Although we did not observe statistically significant differences by reported fish consumption, serum concentrations of PBDEs in this study are similar to those reported in other populations. In the United States, Mazdai etal. (2003) reported a median concentration of BDE-47 of 28 ng/g lipid in maternal serum; Sjödin et al. (2004a) reported a mean concentration in archived serum pools of 34 ng/g lipid; and Schecter et al. (2003) reported a mean concentration in maternal breast milk of 40.8 ng/g lipid. The GM concentration of BDE-47 in our study was 13.3 ng/g lipid (median = 10.79 ng/g lipid weight), a somewhat lower concentration than findings from other U.S. populations. These levels are higher than concentrations reported in Europe, where, for instance, Lind etal. (2003) reported a mean concentration of BDE-47 of 2.35 ng/g lipid weight in breast milk for Swedish women sampled between 1996 and 1999.

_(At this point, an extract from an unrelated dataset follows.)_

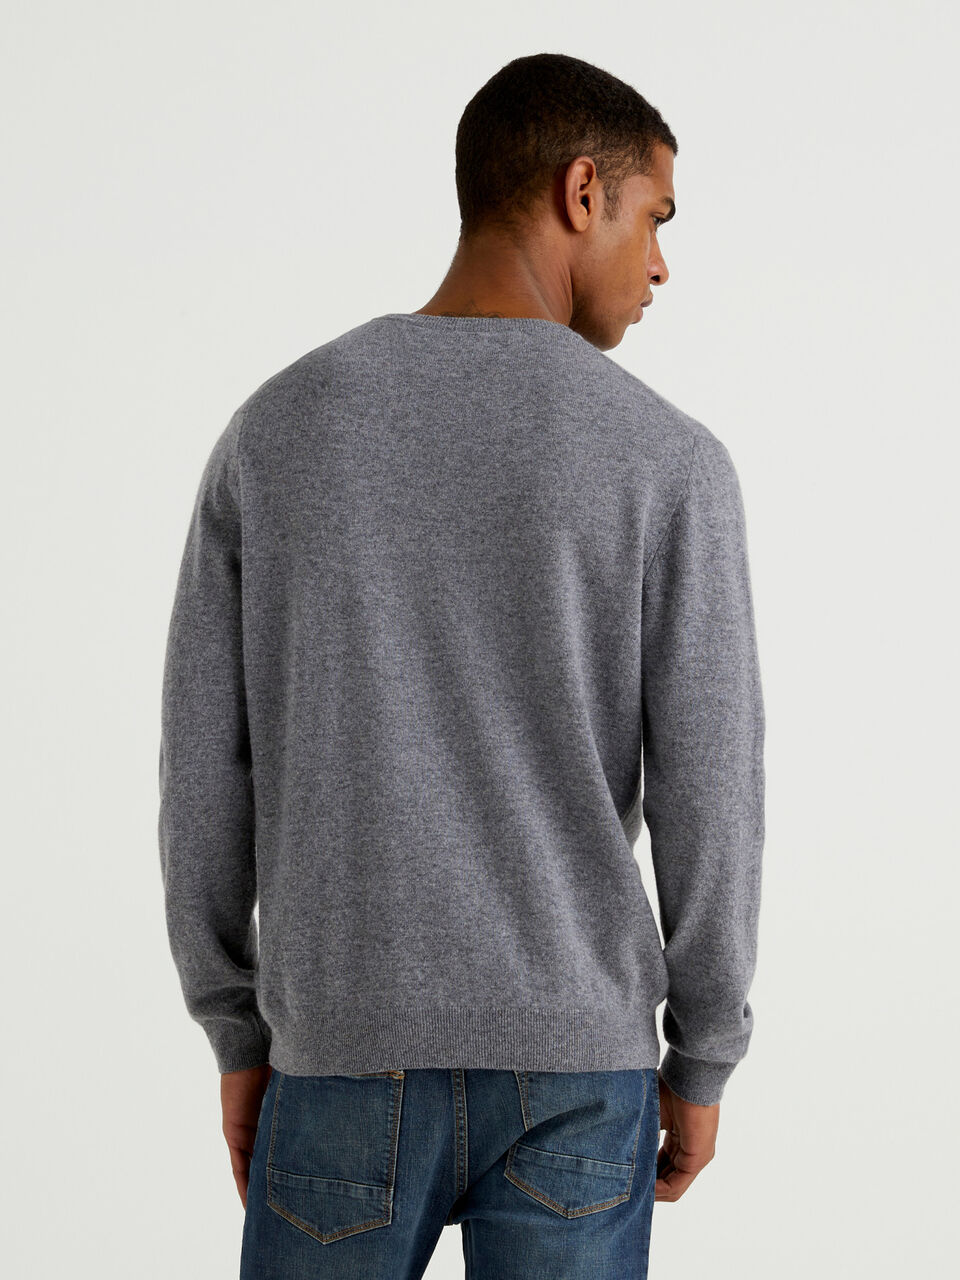 Dark gray crew neck sweater in pure Merino wool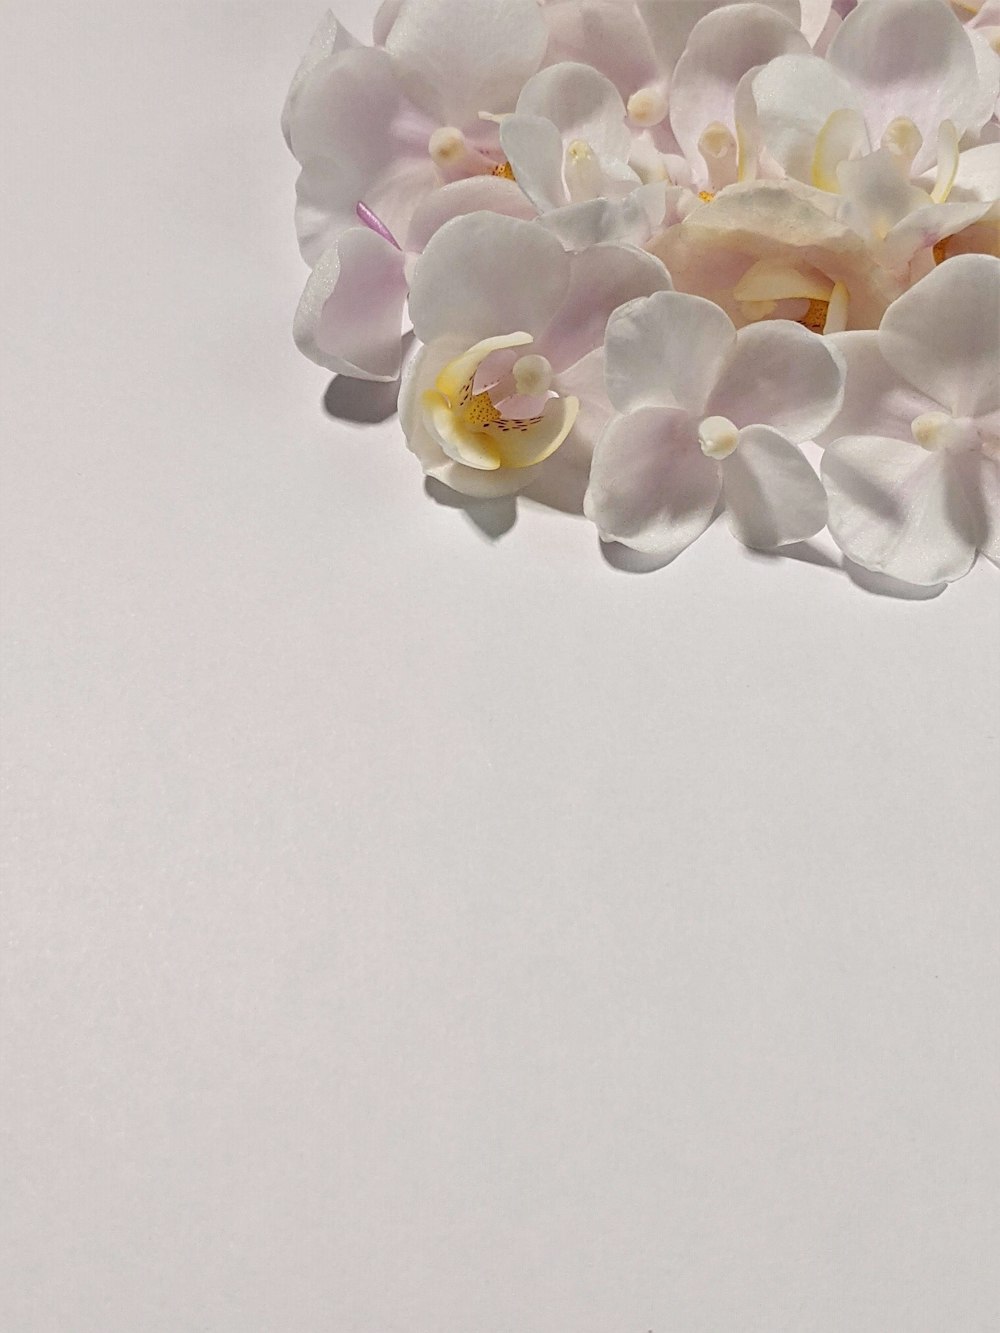 하얀 테이블에 흰 꽃

Although the Great Lakes Chemical Company, a primary North American manufacturer of PBDEs, voluntarily agreed to stop producing octa- and penta-BDEs in 2004, the company will continue to produce deca-BDEs (Great Lakes Chemical Corporation 2003). Moreover, the persistent nature of these chemicals, in addition to the lack of understanding of how they degrade, leaves room for concern about human contamination. Future studies that continue to monitor human body burdens of PBDEs as well as define exposure pathways are needed to further our understanding of how these chemicals influence human health.
This study was funded by the Superfund Basic Research Program (grant ES07384-09).